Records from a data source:
========
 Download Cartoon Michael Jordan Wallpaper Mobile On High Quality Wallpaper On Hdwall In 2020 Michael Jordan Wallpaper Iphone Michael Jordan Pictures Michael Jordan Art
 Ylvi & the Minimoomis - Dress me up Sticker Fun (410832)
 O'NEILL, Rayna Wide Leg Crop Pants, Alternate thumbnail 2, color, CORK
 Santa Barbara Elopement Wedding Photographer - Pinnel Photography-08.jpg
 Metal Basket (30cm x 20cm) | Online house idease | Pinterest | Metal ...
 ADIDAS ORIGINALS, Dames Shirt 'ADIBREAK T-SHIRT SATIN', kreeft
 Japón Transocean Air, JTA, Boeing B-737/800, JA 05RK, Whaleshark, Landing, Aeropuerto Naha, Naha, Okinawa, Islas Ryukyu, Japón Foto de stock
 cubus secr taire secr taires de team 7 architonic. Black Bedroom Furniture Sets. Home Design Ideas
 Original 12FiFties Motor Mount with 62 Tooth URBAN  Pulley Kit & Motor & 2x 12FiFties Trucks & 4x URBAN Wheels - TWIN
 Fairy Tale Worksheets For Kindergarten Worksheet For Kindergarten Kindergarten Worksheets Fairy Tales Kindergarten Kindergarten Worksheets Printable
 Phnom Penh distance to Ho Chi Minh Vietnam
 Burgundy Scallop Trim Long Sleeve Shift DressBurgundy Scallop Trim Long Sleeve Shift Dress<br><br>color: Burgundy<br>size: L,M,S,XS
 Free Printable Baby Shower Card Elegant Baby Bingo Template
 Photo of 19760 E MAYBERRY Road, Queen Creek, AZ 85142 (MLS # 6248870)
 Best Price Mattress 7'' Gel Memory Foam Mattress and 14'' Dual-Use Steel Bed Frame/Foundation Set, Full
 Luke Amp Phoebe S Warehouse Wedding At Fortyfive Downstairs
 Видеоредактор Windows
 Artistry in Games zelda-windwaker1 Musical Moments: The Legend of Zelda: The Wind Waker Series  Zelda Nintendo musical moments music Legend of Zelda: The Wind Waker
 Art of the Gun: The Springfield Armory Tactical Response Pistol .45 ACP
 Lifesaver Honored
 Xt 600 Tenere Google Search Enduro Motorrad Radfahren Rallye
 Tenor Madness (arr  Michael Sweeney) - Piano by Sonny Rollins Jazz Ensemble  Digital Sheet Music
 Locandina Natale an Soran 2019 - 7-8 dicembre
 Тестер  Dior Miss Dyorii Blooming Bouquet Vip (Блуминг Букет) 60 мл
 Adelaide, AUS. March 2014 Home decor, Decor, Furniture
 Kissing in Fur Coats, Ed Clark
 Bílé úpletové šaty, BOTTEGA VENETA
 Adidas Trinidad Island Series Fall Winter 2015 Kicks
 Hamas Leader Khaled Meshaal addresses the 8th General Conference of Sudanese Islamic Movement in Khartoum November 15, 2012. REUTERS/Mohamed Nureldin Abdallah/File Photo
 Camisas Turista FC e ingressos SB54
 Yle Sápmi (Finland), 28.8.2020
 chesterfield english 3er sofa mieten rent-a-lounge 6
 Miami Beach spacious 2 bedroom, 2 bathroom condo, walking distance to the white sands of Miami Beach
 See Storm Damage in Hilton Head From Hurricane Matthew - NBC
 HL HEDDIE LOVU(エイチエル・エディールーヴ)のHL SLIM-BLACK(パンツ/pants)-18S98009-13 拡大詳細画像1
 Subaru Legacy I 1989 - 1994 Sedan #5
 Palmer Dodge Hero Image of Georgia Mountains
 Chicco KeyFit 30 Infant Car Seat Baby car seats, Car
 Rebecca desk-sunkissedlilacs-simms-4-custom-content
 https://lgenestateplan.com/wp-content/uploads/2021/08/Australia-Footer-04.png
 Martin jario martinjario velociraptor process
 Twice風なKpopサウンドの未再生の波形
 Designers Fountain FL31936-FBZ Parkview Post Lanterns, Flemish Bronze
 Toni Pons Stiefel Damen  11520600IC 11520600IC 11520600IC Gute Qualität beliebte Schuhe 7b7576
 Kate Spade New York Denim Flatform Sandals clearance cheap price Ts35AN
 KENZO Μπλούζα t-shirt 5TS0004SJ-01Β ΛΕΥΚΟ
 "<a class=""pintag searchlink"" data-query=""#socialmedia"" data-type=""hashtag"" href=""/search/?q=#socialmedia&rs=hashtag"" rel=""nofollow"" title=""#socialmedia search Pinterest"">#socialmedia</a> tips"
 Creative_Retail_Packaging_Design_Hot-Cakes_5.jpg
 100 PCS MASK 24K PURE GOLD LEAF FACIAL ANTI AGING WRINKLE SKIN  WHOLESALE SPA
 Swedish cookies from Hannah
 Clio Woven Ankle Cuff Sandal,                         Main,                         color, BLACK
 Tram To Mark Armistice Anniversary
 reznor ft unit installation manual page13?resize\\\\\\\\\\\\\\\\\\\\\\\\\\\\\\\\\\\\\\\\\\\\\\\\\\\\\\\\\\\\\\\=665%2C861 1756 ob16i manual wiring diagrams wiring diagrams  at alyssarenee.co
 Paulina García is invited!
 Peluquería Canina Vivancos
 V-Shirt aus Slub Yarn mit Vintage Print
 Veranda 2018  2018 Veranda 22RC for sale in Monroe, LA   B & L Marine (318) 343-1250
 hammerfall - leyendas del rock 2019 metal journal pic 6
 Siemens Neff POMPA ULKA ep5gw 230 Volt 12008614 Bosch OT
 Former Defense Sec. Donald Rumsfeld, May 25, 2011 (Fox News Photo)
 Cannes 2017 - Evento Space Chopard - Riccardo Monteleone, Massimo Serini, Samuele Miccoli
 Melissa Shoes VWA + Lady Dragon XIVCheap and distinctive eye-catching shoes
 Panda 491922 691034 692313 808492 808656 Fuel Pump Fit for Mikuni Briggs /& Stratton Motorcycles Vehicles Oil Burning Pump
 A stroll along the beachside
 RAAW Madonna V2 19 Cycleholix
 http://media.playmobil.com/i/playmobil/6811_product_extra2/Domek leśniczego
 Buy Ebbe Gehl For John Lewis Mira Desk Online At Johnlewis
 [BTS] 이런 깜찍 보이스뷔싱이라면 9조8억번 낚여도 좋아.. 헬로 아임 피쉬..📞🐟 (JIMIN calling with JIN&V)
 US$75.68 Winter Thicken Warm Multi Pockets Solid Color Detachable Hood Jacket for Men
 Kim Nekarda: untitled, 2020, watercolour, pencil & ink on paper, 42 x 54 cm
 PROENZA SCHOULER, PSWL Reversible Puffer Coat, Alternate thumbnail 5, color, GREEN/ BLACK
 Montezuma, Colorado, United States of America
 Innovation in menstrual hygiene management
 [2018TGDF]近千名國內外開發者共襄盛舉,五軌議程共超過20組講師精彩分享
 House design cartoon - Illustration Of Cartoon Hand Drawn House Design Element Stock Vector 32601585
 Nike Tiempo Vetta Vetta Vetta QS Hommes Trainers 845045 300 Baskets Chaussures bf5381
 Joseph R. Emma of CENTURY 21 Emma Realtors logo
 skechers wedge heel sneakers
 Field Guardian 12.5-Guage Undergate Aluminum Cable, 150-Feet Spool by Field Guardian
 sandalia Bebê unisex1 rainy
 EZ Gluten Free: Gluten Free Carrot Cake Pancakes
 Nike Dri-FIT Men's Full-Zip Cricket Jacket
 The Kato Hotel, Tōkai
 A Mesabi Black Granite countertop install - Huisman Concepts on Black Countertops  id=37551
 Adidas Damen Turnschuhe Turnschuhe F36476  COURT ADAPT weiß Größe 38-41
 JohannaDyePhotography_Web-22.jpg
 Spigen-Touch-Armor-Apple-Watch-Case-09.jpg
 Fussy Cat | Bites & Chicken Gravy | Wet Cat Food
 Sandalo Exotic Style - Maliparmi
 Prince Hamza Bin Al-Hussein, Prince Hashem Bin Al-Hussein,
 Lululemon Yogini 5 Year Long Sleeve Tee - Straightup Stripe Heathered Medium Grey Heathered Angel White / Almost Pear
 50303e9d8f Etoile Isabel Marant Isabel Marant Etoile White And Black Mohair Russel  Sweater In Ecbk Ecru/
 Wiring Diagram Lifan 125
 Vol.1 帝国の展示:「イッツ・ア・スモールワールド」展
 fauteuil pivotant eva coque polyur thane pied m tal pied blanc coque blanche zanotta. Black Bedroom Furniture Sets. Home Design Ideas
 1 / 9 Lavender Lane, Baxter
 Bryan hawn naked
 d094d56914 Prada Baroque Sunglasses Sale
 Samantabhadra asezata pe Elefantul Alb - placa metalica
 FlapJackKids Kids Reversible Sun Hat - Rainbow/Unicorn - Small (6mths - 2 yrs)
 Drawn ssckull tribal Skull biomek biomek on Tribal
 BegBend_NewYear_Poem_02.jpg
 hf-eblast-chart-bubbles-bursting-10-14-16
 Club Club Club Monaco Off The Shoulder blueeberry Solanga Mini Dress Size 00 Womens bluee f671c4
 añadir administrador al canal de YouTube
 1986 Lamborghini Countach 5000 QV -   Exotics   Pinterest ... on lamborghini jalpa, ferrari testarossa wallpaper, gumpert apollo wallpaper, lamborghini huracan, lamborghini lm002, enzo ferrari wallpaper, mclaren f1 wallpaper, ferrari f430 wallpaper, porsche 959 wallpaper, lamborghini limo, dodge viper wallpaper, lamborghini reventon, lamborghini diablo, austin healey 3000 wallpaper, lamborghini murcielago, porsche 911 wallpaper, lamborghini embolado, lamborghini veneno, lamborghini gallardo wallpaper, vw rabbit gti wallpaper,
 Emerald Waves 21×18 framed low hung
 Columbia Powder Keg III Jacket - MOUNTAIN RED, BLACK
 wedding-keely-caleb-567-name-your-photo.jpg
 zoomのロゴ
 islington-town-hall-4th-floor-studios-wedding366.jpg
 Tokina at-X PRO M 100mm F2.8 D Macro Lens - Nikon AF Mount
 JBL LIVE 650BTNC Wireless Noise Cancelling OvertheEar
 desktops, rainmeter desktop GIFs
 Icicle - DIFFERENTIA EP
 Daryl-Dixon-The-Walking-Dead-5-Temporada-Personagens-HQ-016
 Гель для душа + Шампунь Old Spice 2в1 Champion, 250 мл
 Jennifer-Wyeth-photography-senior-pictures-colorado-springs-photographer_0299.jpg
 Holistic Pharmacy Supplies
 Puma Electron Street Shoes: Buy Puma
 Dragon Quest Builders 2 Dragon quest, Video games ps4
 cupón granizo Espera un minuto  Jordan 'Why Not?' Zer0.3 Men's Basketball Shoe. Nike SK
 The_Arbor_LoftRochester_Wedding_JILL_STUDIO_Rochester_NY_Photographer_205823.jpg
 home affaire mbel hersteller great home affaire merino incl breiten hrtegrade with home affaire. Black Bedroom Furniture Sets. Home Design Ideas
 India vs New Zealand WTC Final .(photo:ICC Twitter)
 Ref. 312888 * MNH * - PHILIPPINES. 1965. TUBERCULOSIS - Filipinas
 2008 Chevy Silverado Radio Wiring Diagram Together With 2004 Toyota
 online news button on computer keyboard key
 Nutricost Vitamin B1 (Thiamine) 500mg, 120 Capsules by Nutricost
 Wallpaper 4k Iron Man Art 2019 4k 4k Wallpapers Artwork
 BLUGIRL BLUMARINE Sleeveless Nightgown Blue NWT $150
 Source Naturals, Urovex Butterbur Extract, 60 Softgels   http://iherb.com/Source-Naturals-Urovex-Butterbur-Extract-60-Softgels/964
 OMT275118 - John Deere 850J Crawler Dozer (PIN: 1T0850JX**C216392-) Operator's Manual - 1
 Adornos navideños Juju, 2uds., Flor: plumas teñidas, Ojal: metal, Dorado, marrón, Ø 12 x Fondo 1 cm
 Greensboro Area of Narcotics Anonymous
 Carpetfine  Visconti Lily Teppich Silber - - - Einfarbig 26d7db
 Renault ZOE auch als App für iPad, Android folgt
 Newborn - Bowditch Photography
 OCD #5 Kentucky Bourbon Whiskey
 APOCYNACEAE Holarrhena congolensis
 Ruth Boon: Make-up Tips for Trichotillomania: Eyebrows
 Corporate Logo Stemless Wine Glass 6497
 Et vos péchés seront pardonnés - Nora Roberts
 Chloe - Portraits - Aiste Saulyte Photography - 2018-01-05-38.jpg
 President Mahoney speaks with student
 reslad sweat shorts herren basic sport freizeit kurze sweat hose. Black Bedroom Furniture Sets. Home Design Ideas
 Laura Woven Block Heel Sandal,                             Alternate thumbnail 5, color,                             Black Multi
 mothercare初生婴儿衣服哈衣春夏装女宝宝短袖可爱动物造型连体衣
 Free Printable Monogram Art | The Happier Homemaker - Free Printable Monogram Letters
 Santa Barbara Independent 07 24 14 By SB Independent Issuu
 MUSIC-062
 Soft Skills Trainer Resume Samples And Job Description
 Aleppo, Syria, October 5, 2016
========
- [Your goal]:
Please reproduce, exactly as written, the lines of the records from the first line through the one containing "Kissing in Fur Coats, Ed Clark".

- [Task response]:
 Download Cartoon Michael Jordan Wallpaper Mobile On High Quality Wallpaper On Hdwall In 2020 Michael Jordan Wallpaper Iphone Michael Jordan Pictures Michael Jordan Art
 Ylvi & the Minimoomis - Dress me up Sticker Fun (410832)
 O'NEILL, Rayna Wide Leg Crop Pants, Alternate thumbnail 2, color, CORK
 Santa Barbara Elopement Wedding Photographer - Pinnel Photography-08.jpg
 Metal Basket (30cm x 20cm) | Online house idease | Pinterest | Metal ...
 ADIDAS ORIGINALS, Dames Shirt 'ADIBREAK T-SHIRT SATIN', kreeft
 Japón Transocean Air, JTA, Boeing B-737/800, JA 05RK, Whaleshark, Landing, Aeropuerto Naha, Naha, Okinawa, Islas Ryukyu, Japón Foto de stock
 cubus secr taire secr taires de team 7 architonic. Black Bedroom Furniture Sets. Home Design Ideas
 Original 12FiFties Motor Mount with 62 Tooth URBAN  Pulley Kit & Motor & 2x 12FiFties Trucks & 4x URBAN Wheels - TWIN
 Fairy Tale Worksheets For Kindergarten Worksheet For Kindergarten Kindergarten Worksheets Fairy Tales Kindergarten Kindergarten Worksheets Printable
 Phnom Penh distance to Ho Chi Minh Vietnam
 Burgundy Scallop Trim Long Sleeve Shift DressBurgundy Scallop Trim Long Sleeve Shift Dress<br><br>color: Burgundy<br>size: L,M,S,XS
 Free Printable Baby Shower Card Elegant Baby Bingo Template
 Photo of 19760 E MAYBERRY Road, Queen Creek, AZ 85142 (MLS # 6248870)
 Best Price Mattress 7'' Gel Memory Foam Mattress and 14'' Dual-Use Steel Bed Frame/Foundation Set, Full
 Luke Amp Phoebe S Warehouse Wedding At Fortyfive Downstairs
 Видеоредактор Windows
 Artistry in Games zelda-windwaker1 Musical Moments: The Legend of Zelda: The Wind Waker Series  Zelda Nintendo musical moments music Legend of Zelda: The Wind Waker
 Art of the Gun: The Springfield Armory Tactical Response Pistol .45 ACP
 Lifesaver Honored
 Xt 600 Tenere Google Search Enduro Motorrad Radfahren Rallye
 Tenor Madness (arr  Michael Sweeney) - Piano by Sonny Rollins Jazz Ensemble  Digital Sheet Music
 Locandina Natale an Soran 2019 - 7-8 dicembre
 Тестер  Dior Miss Dyorii Blooming Bouquet Vip (Блуминг Букет) 60 мл
 Adelaide, AUS. March 2014 Home decor, Decor, Furniture
 Kissing in Fur Coats, Ed Clark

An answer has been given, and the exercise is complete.